Никогда еще в своей жизни Борис Барятин не испытывал такой душевной сумятицы.

Что ему делать? Куда идти? К кому?

Слухи, слухи… Если даже одна десятая этих слухов отражала действительность, его отсиживание в своей комнате было позором.

Рассказывали, что где-то у Гостиного двора городовой убил женщину — она стояла впереди толпы и кричала: «Хлеба!»

Женщина, в поношенном грубошерстном пальто, в ситцевом платье, лежала на мостовой, раскинув руки, и никто к ней не мог подойти: вдоль Невского были установлены пулеметы, проспект был пуст — по случайным прохожим открывали огонь.
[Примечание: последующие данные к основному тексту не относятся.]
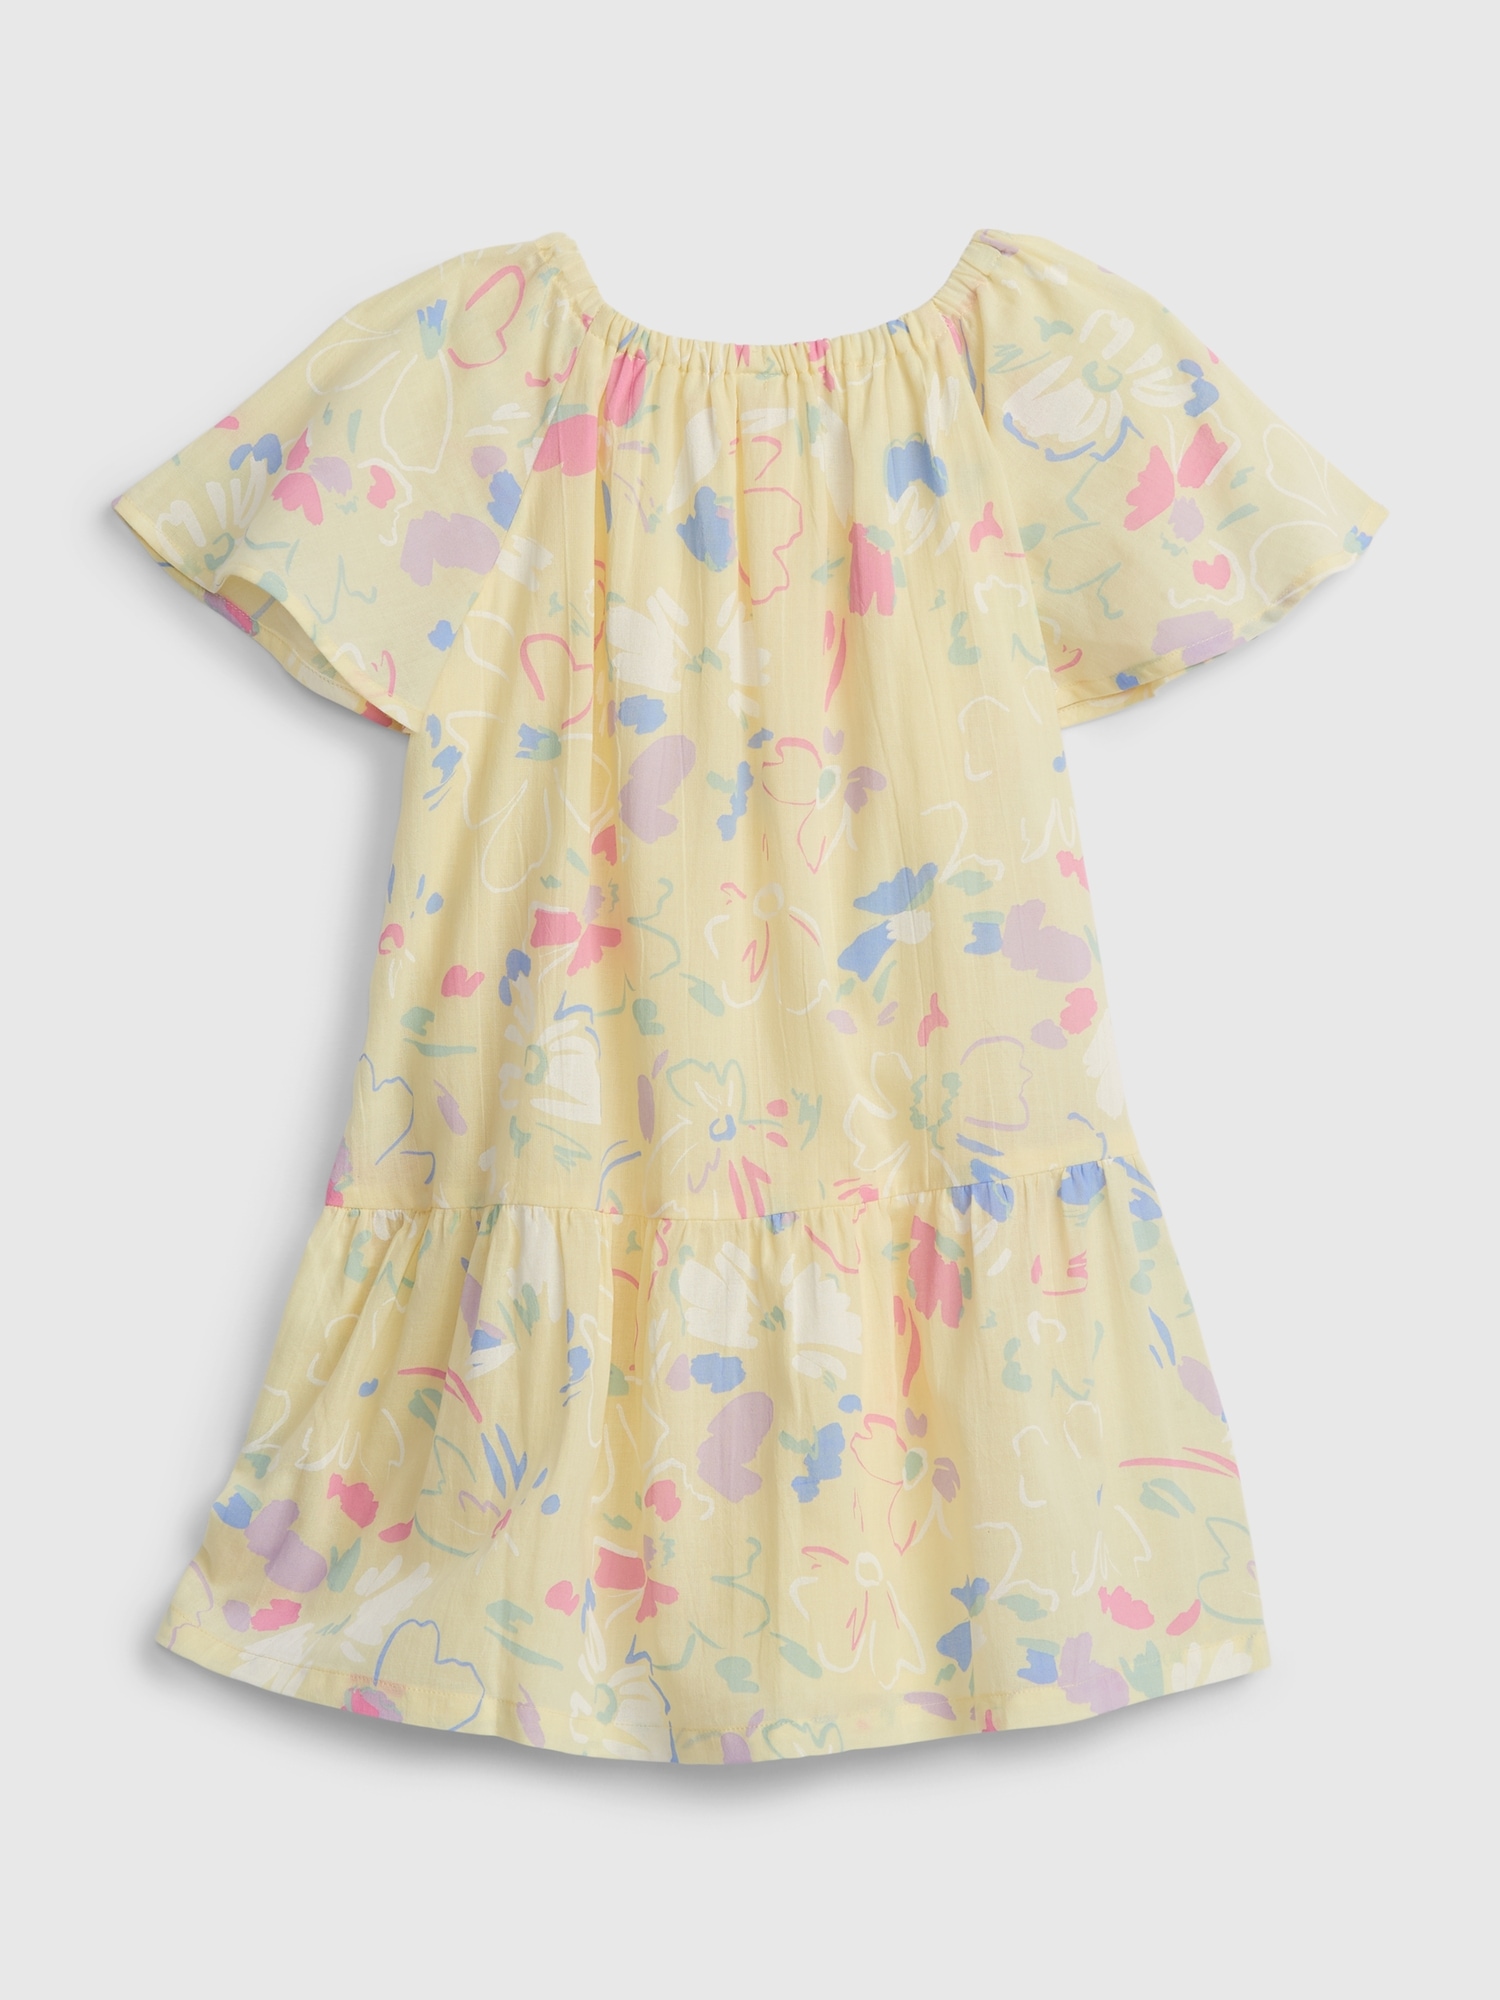 Toddler Floral Ruffle Dress | Gap

Передавали, что солдаты Литовского полка отказались стрелять в народ, что вчера разбили Арсенал, — рабочие вооружаются…

Передавали, рассказывали… Слушать обо всем этом и оставаться в полной безопасности? Нет, он не крыса, чтобы укрываться в норе. Он не крыса!

В окно он увидел, как молоденький мастеровой, размахивая кинжалом в черных кавказских ножнах, отчаянно (это было видно по его напряженному лицу и широко раскрытому рту) кричал что-то собравшимся у закрытой мясной лавки женщинам. Слов его не было слышно. Но при виде этого мастерового Барятин сразу, всем существом своим, понял: надо идти.

Уже несколько дней подряд его мучил жестокий бронхит, в груди хрипело, голос пропал. Совсем еще недавно это очень его беспокоило бы, а сейчас не имело никакого значения.

На улицах, почему-то больше на перекрестках, толпились кучки людей. Словно ждали чего-то — настороженно и упрямо.

Дворники второй день не подметали мостовых и тротуаров, и на снегу фигуры прохожих чернели с непривычной для глаза четкостью.

Поближе к Среднему проспекту на унылом длинном заборе рядом с сине-розовой афишей Александринского театра висела размером в четверть печатного листа бумага с заголовком, который издали казался траурным — таким жирным шрифтом он был набран:

Объявление командующего Петроградским военным округом генерал-лейтенанта Хабалова

«…Воспрещаю всякое скопление на улицах… Предваряю население Петрограда… употреблять в дело оружие, не останавливаясь ни перед чем… для водворения порядка в столице…»

Барятин читал второпях, невнимательно — это было уже не первое объявление командующего — и тут же забыл о прочитанном; осталось только смутное впечатление от противоречивой смеси угроз и увещаний. Хабалов утверждал, что запас хлеба в столице достаточный, а жителям, не желавшим ходить по городу в одиночку, грозил расстрелом.

На углу Среднего Барятин остановился в удивлении: на привычном месте не было городового.

— Попрятались, — словно в ответ ему, проговорил кто-то вполголоса.

— Главные-то их силы на чердаках сидят, у пулеметов. Чуть что — они сверху поливать нашего брата примутся…

— Пусть только попробуют.

За последние дни каким-то путем широко стал известен среди населения хитроумный план министра внутренних дел Протопопова: вызвать преждевременную вспышку народного гнева и погасить ее — силами полиции — повсеместным обстрелом с крыш.

Заводы роптали открыто, озлобленно, с каждым днем все решительней.

Голодные рабочие бросали станки и выходили на улицу — безоружные, хорошо зная, что часом раньше или часом позже их встретит пулеметный огонь. К рабочим присоединялись женщины, случайные прохожие и, конечно, вездесущие, неутомимые мальчишки.

Собиравшиеся на перекрестках кучки людей росли, вырастали в толпы, шли куда-то, — движение это с первого взгляда казалось стихийным, и только посвященные знали: есть сила, которая всем этим руководит, — ее так и не смогли подавить бесчисленные и бессмысленные аресты.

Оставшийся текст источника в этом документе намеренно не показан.